Personal information
- Full name: John Leslie Gregory
- Date of birth: 25 January 1925
- Place of birth: Southampton, England
- Date of death: March 2008 (aged 83)
- Height: 5 ft 9 in (1.75 m)
- Position(s): Full back

Senior career*
- Years: Team / Apps / (Gls)
- 1944–1955: Southampton / 66 / (0)
- 1955–1959: Leyton Orient / 91 / (0)
- 1959–1960: Bournemouth & Boscombe Athletic / 17 / (0)
- 1960–1962: Ashford Town / 53 / (0)
- 1962–1963: Hastings United

Managerial career
- 1963–1965: Cowes Sports
- 1965–1966: Sholing Sports

= Jack Gregory (footballer, born 1925) =

English footballer

John Leslie Gregory (25 January 1925 – March 2008) was an English professional footballer who played as a full back for Southampton and Leyton Orient during the 1940s and 1950s.

==Playing career==

===Southampton===
Gregory was born in Southampton and after playing youth football with Woolston Youth Club, he was signed by Southampton as a professional in December 1944. He made his first team debut as a replacement for Bill Rochford in a 3–1 defeat to Luton Town at a snow-covered Dell on 22 February 1947.

Gregory spent most of his Southampton career in the reserves and his next first team appearance came on 23 September 1950. After another spell in the reserves, he replaced Norman Kirkman for the final five games of the season. He retained his place in the first team for the start of the following season, before giving way to Kirkman after four matches. He made the occasional appearance over the next few months, with a run of eight games from January to March as replacement for Peter Sillett, who had taken over at fullback from Kirkman.

Gregory's best season for the Saints came in 1953–54 after they had been relegated to the Third Division South. He was appointed team captain and only missed four league matches during the season as Saints failed to make the expected return to Division Two. He then lost his place to Tommy Traynor and after another season in the reserves, he was given a free transfer to Leyton Orient in July 1955. In his ten years at the Dell, he made 68 appearances in all competitions, without scoring.

In his final season at The Dell, Gregory was an ever-present member of the Southampton reserve team which won the Combination Cup under the management of Ted Bates.

===Leyton Orient===
At Orient, he joined another club playing in the Third Division South, and helped them to take the Division title in his first season with his new club. The following season, now back in the Second Division, Gregory only missed two league matches as Orient consolidated their position in mid-table.

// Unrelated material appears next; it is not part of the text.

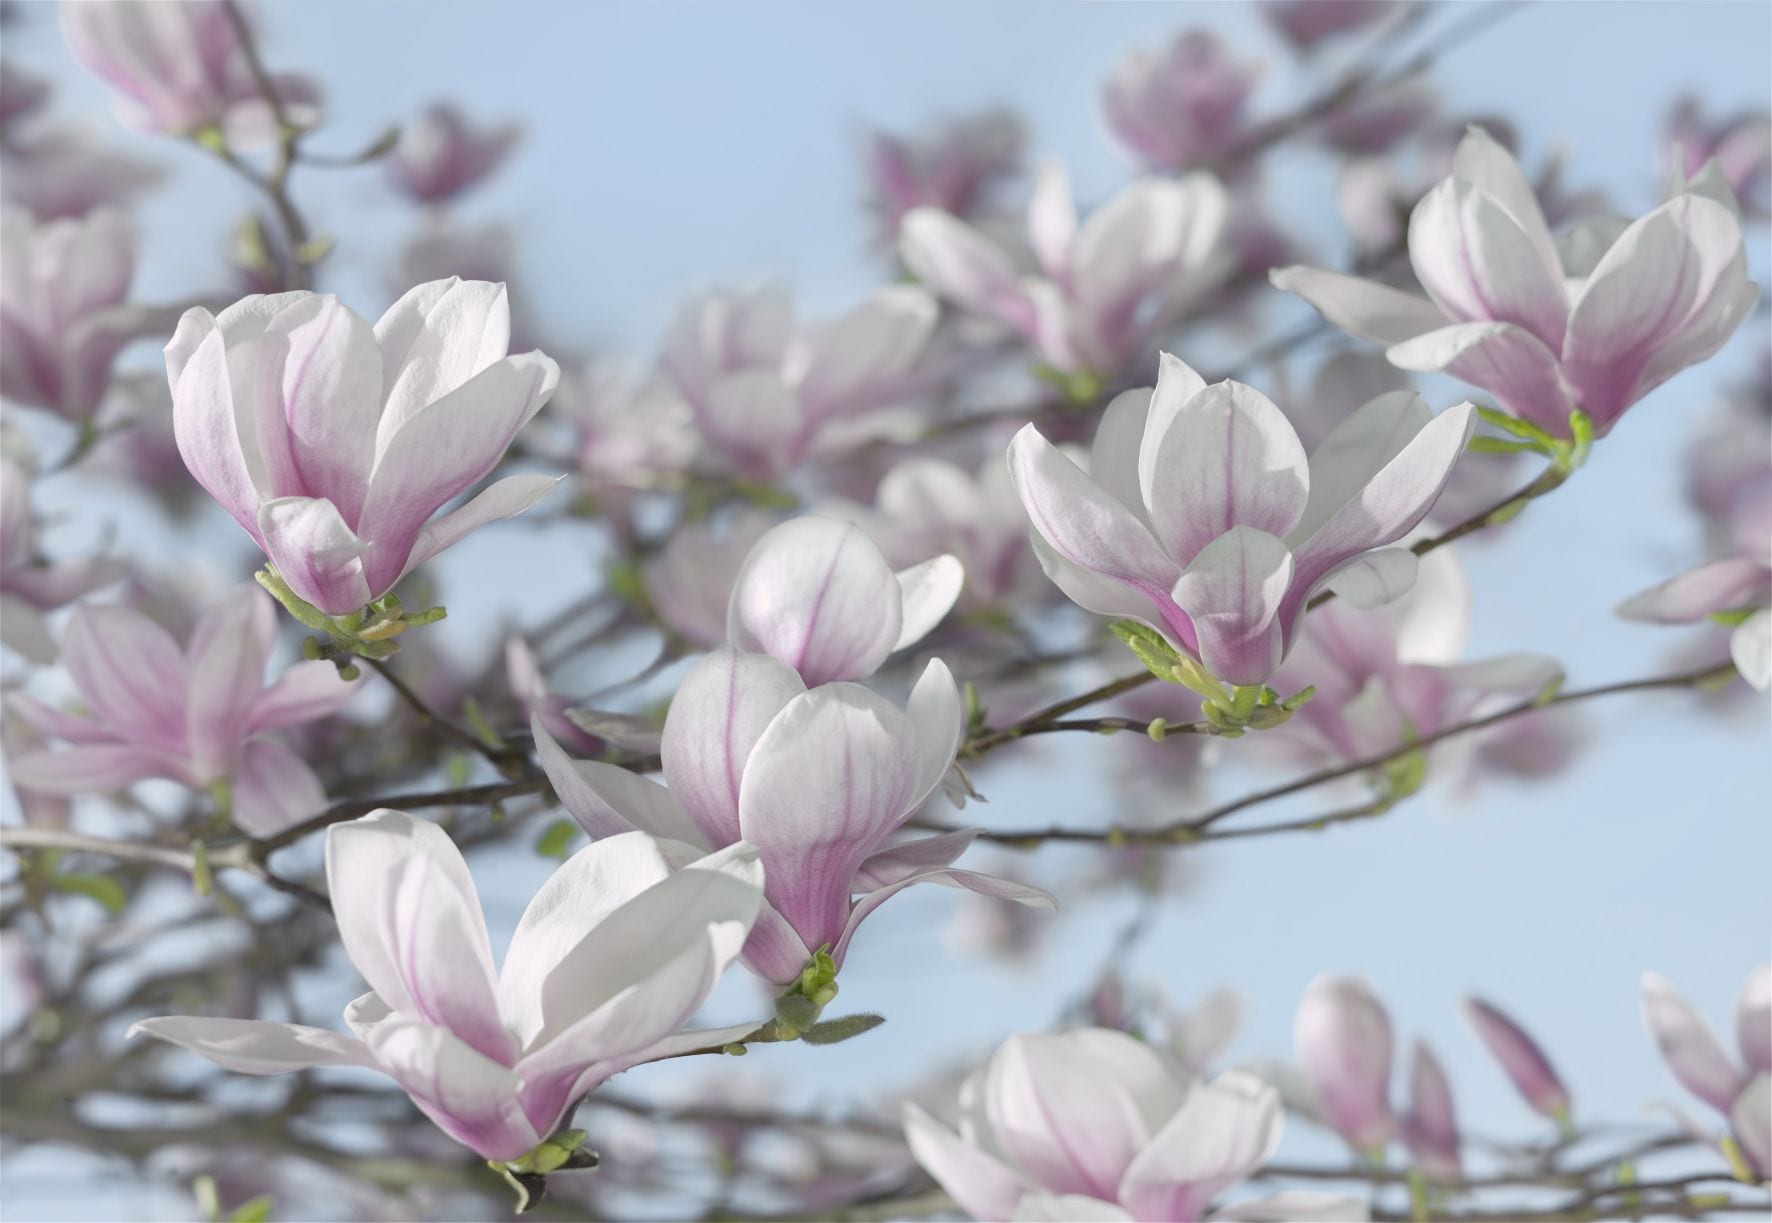 Precios mas bajos Malla fotomural fotomurales papel pintado naturaleza  flores magnolio floración 14n160vexxxl Aquí hay más opciones Artículos  promocionales

Gregory spent two more years at Brisbane Road before returning to the South coast in July 1959 to join Bournemouth & Boscombe Athletic, where he spent one season before retiring from professional football.

==Later career==
He then dropped down to non-league football, spending two years with Ashford Town, followed by a year with Hastings United. He then returned to Southampton where he managed Isle of Wight team Cowes Sports and then Southampton based Sholing Sports.

He was employed in Southampton Docks as a boilermaker. He was married to Pauline and had four children. On 20 March 2008, it was reported that he had died.